12 Ottobre 2016, 21:09:43 PM
Ciao Roberta e Benvenuta in questo spazio popolato da entità molto simpatiche!!
Spero che non ti limiterai a leggere ma devi scrivere, scrivere , scrivere...a volte ci si sente meno soli scrivendo e sapendo che ci sono persone (intelligenti... :-[ ? )che leggono quello che scriviamo.
#1625
Sant'Agostino entra dal gelataio.
Commesso: "Buongiorno. Desidera?"
Sant'Agostino: "Dunque, vorrei una vaschetta di gelato da un chilo, grazie. Solo cioccolato."
Il commesso lo serve. Sant'Agostino si siede e comincia a mangiare avidamente. Finita la vaschetta, si getta in terra, in preda a crampi allo stomaco e fitte alla testa.
Sant'Agostino: "Oddio! Oddio, come mi pento di aver mangiato tutto quel gelato!"
Improvvisamente i dolori cessano. Sant'Agostino ringrazia ed esce.  ;D  ;D  ;D


Plotino e Pitagora entrano dal gelataio.
Commesso: "Buongiorno. Desiderano?"
Entrambi, in coro: "Una vaschetta da un chilo di gelato. Per una festa."
Commesso: "Quanti gusti vi metto?"
Plotino: "Uno". Pitagora: "Dieci"
I due si fissano per un istante, e poi litigano uscendo dalla gelateria. :) :) 
#1626
Schopenhauer entra in gelateria:
"Desidera? " chiede il gelataio.
Schopenhauer: "No".
Esce

Nietzsche entra in gelateria.
Nietzsche entra in gelateria.
Nietzsche entra in gelateria.
Ad libitum.

Leopardi entra in gelateria.
Commesso: "Buongiorno, desidera?"
Leopardi ordina. Il commesso lo serve. Leopardi fissa il gelato.
Leopardi :"Non sarà mai buono come pensavo".
Esce sconsolato.

:)  :)  ::)
#1627
Un certo saggio aveva acquistato fama di esser diventato irrazionale nella presentazione di fatti ed argomenti.
Fu deciso di metterlo alla prova affinchè le autorità del suo paese potessero pronunciarsi stabilendo se egli rappresentasse un pericolo per l'ordine pubblico.
Il giorno della prova egli passò solennemente cavalcando un asinello, con la testa rivolta dalla parte della coda dell'animale.
Quando giunse l'ora di difendersi disse ai giudici: "Quando mi vedeste poco fa da che parte ero rivolto?". "Dalla parte sbagliata", risposero i giudici.
"Voi illustrate il punto", rispose, "perché Io, da un punto di vista, ero volto dalla parte giusta.

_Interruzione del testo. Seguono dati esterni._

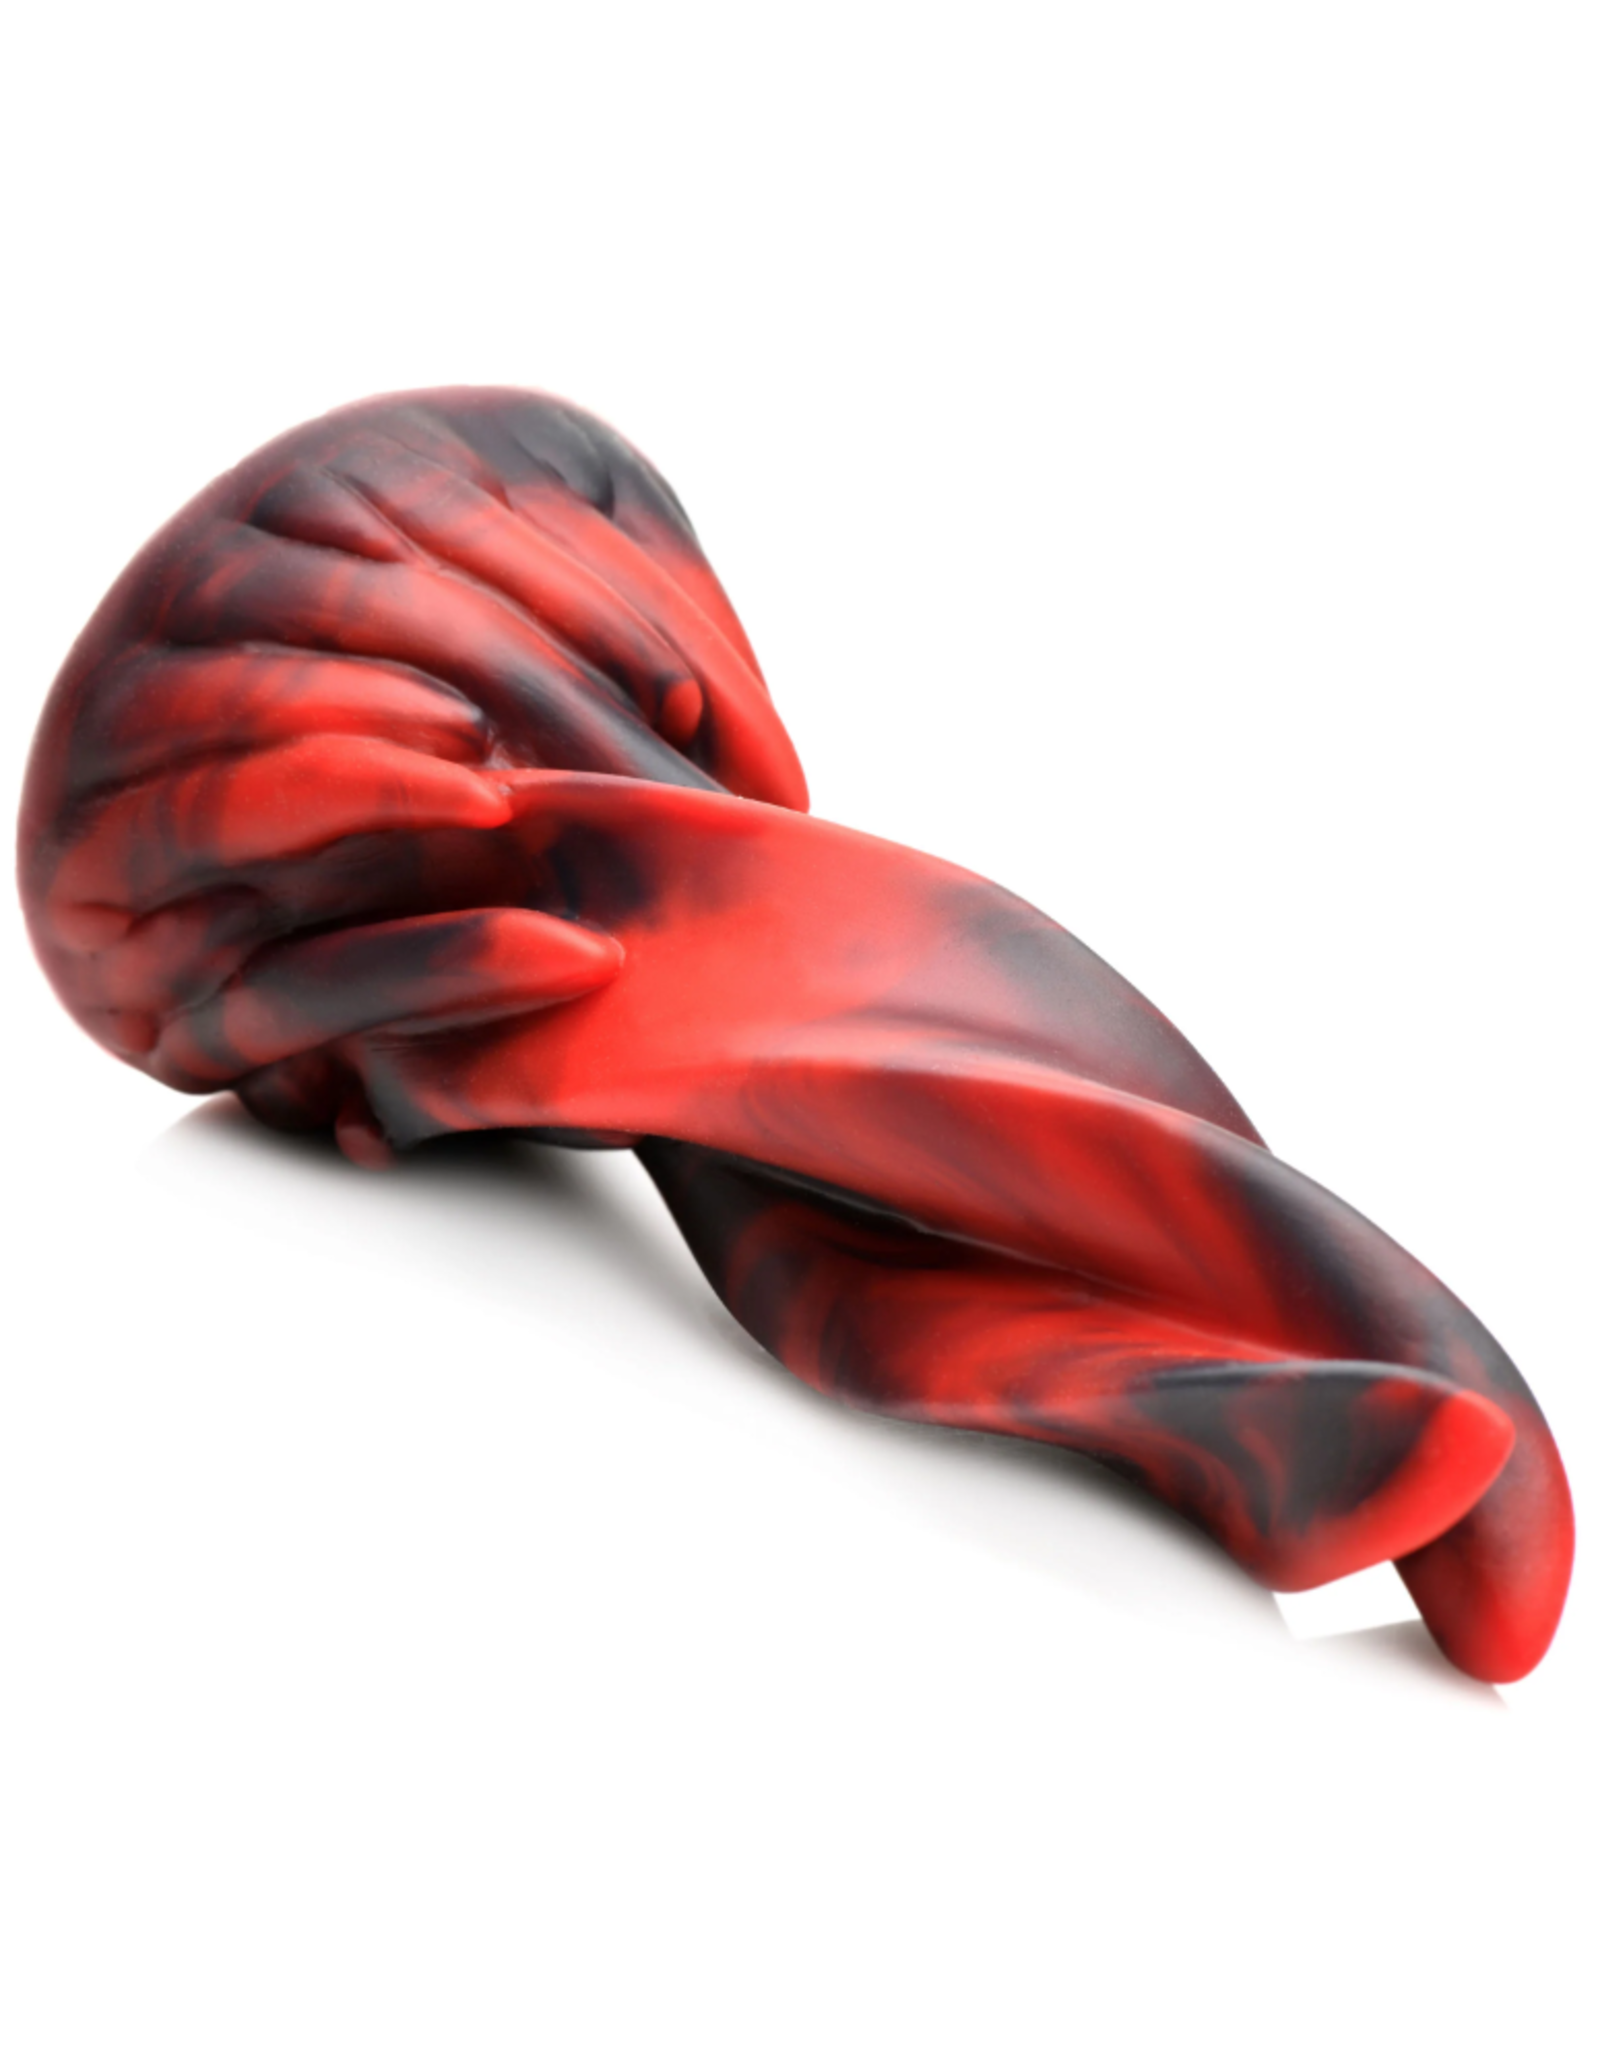 XR Brands Creature Cocks - Hell Kiss Twisted Tongues Silicone Dildo

Era l'asino che era girato dalla parte sbagliata".... ;D ;D ;D

Adesso da un altro punto di vista:

Uno sciocco inveiva contro un asinello che non gli dava alcuna retta.
Uno più saggio di lui, che lo osservava, gli disse: "Idiota! L'asinello non imparerà mai il tuo linguaggio: meglio che tu te ne stia in silenzio e cerchi invece di apprendere la lingua che parla l'asino".  ;D ;D
#1628
Citazione di: Eutidemo il 12 Ottobre 2016, 06:36:28 AMSecondo Yahoo Answers il numero delle leggi varate dai parlamenti europei, ad oggi, sarebbe il seguente: 1. Gran Bretagna: 3.000 leggi 2. Germania: 5.500 leggi 3. Francia: 7.000 leggi 4.Italia: 150.000 - 200.000 leggi. Mi pare un po' eccessivo. Secondo Normattiva, invece, un più serio progetto della Presidenza del Consiglio dei Ministri, del Senato e della Camera dei Deputati – in collaborazione con la Corte Suprema di Cassazione, l'Agenzia per l'Italia Digitale e l'Istituto poligrafico della Zecca dello Stato, invece, le leggi italiane sono circa 75.000: più di dieci volte la seconda in classifica. E DOVREMMO CREDERE CHE IL BICAMERALISMO PARITARIO AVREBBE RALLENTATO LA PRODUZIONE DI LEGGI? SE COSI' FOSSE, SECONDO ME, BISOGNEREBBE RADDOPPIARE IL NUMERO DELLE CAMERE, NON DIMEZZARLO!!!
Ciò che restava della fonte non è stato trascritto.